Hmm...not sure what this person meant by not being there.  I ran thru this a few times in the air, trying to visualize without a partner and came up with a few things.

1) Assuming that we will be on the side of the attacker at the completion of LC, taking a small adjustment step with your left leg will put you behind them.  After that step, we can deliver the knee with our left, instead of the right, which is how it would be done if we just did BB.

2) If we do FC and they land so that we are behind them, the adjustment will not be necessary and we can continue as normal with BB.

I can only guess that this person is thinking that after you do the sidekick to the knee in LC, that the person will fall forward, and not be upright on their knees.  If that is the case, then technically, they wouldn't even be able to finish the base moves in LC because the person will not be there.  However, if the person is down on all 4's, you can a) deliver a kick to the groin such as in Brushing the Storm or b) simply stomp down on their ankle or c) just get the heck out of there.


----------



## kenpofighter (Aug 21, 2008)

You could leave off the elbow and do back breakers ending. Which of course is more of that kenpo over kill. (Which is just plain fun!) Or do a elbow sandwich to keep their head there, roll over their head and do a right chop (available target)  then add on the rest of back breaker.


----------



## ackks10 (Aug 21, 2008)

kenpofighter said:


> You could leave off the elbow and do back breakers ending. Which of course is more of that kenpo over kill. (Which is just plain fun!) Or do a elbow sandwich to keep their head there, roll over their head and do a right chop (available target)  then add on the rest of back breaker.





that's what I'm talking about,,and you what it works!!!


----------



## Touch Of Death (Aug 22, 2008)

Generaly the guy will fall forward and away, making the kidney shot difficult.
Sean


----------



## Josh Oakley (Aug 22, 2008)

I'm SKK but I'm continually amazed at how cimilar many of our techniques are. I'm sure there's a connection.


----------



## kenpofighter (Aug 22, 2008)

Touch Of Death said:


> Generaly the guy will fall forward and away, making the kidney shot difficult.
> Sean



Looks to me like it would depend on the angle of their knee that was kicked. But after the rib shot with the middle knuckle their wait should drop to their right being more on their front leg (right leg) which in turn, after the kick is executed to their left leg (we are behind the opponent), should make them fall down with their one right leg possibly still somewhat supporting themselves. But like I said it would depend upon the angle of the kick on their leg. How far we leaped up and over and how far they stepped in. And if they fall forward, great! leave off the kidney shot and add on a scoop kick (if able to) then kick them away. We will get them one way or another.


----------



## Touch Of Death (Aug 24, 2008)

kenpofighter said:


> Looks to me like it would depend on the angle of their knee that was kicked. But after the rib shot with the middle knuckle their wait should drop to their right being more on their front leg (right leg) which in turn, after the kick is executed to their left leg (we are behind the opponent), should make them fall down with their one right leg possibly still somewhat supporting themselves. But like I said it would depend upon the angle of the kick on their leg. How far we leaped up and over and how far they stepped in. And if they fall forward, great! leave off the kidney shot and add on a scoop kick (if able to) then kick them away. We will get them one way or another.

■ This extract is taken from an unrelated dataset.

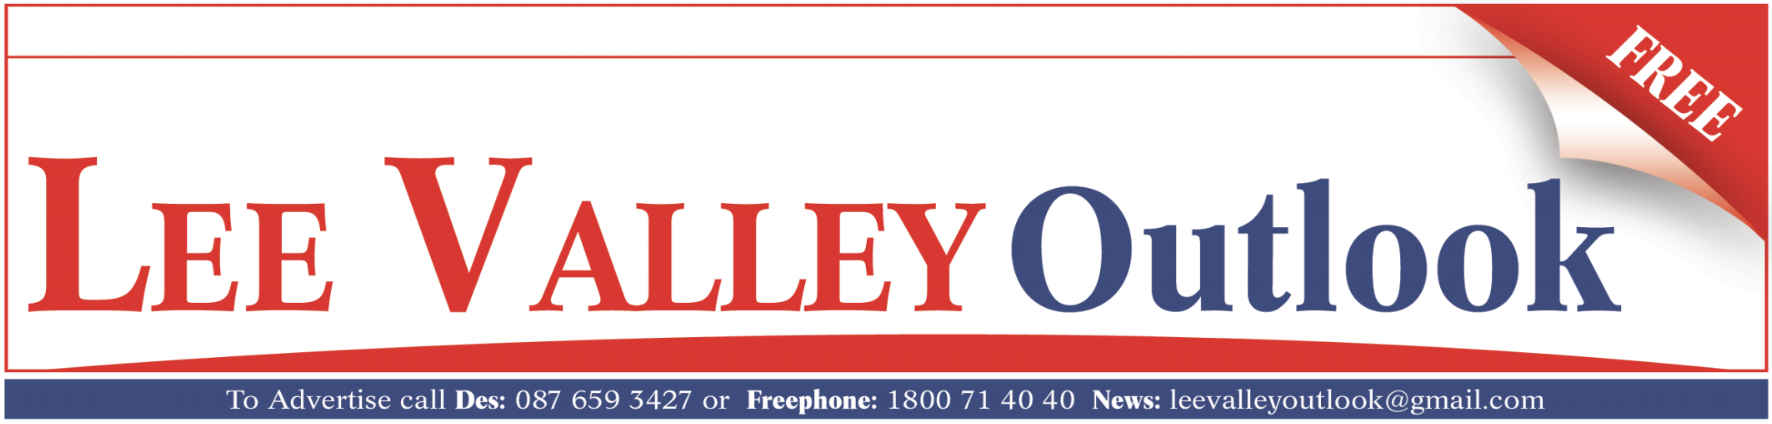 Lee Valley Outlook Logo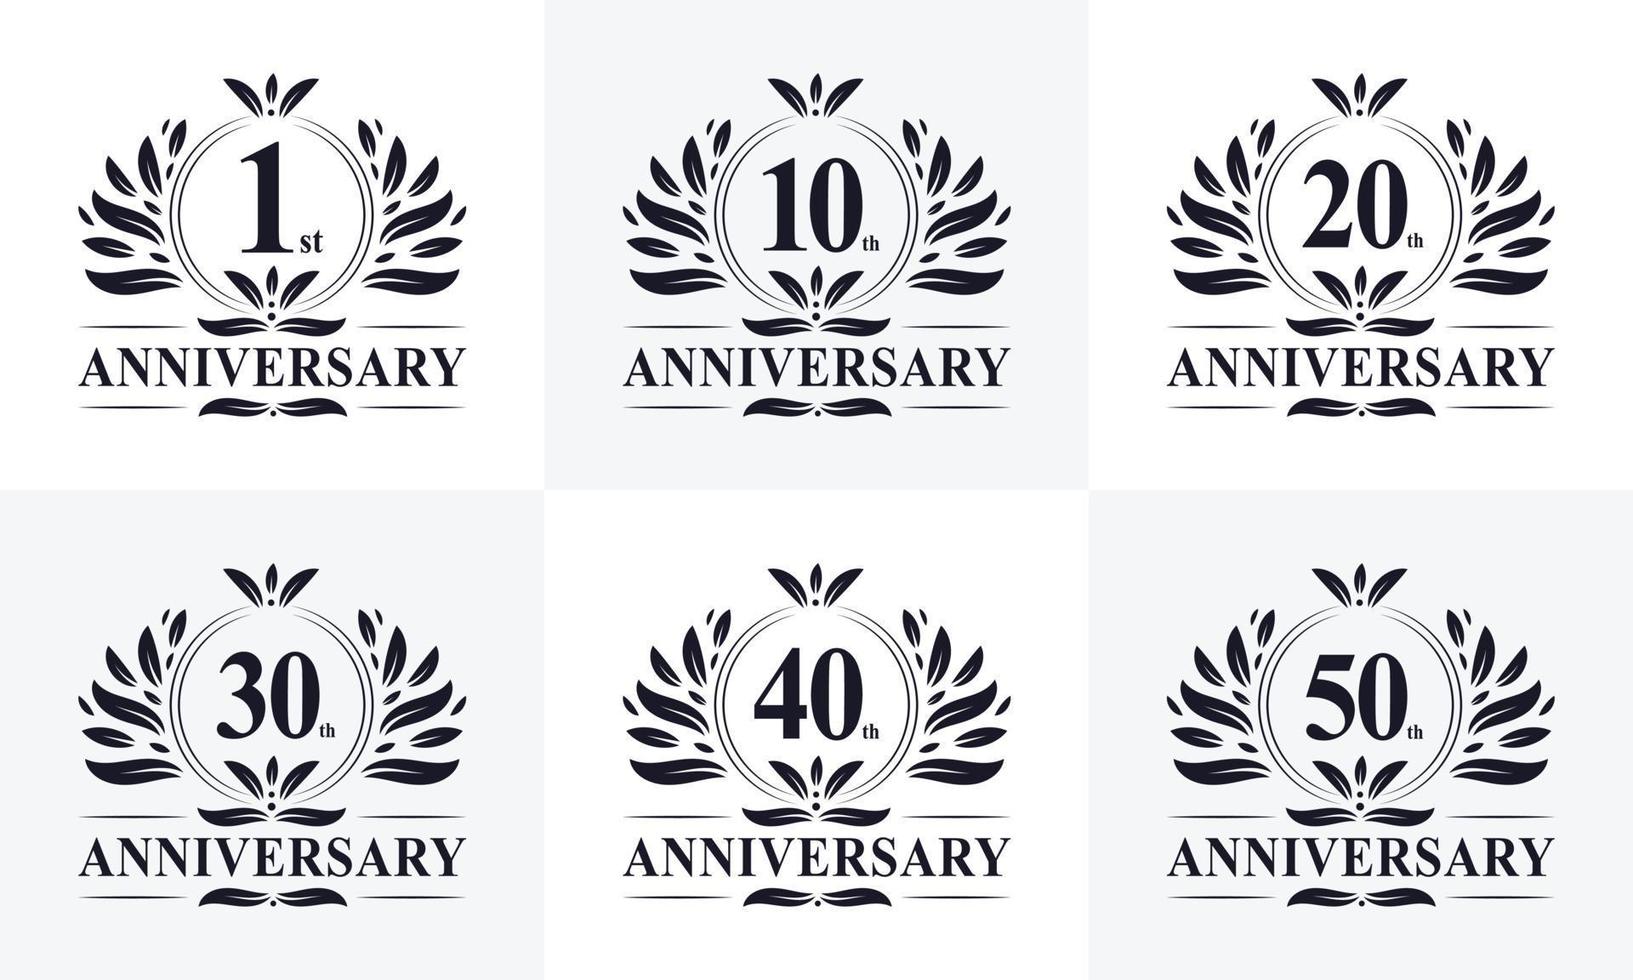 6 Retro Vintage Anniversary Badge Logo. Collection off 6 Anniversary logo for Celebration vector

True, my point would be not to expect either outcome. Heres a cute little trick for the elbow sandwich I was taught. When, as the attacker, you feel the strike to your kidney. Drive your head hard and fast into the waiting elbow sandwich. Maybe you can still be friends later. LOL
Sean


----------



## Kenpo17 (Jan 20, 2009)

I don't know what school you went into, but they are wrong, you can go right from Leaping Crane to Back Breaker.  The only thing with that is you have to be extremely quick with your transitions, from the elbow in LC to the shoulder grabs in BB.  It would also involve foot movement quickly as well because you have to make sure your right leg is back, in back of your left leg for the knee in BB.  Once you drop from the knee, you just finish the technique, and there is no reason why you couldn't go from LC to BB.


----------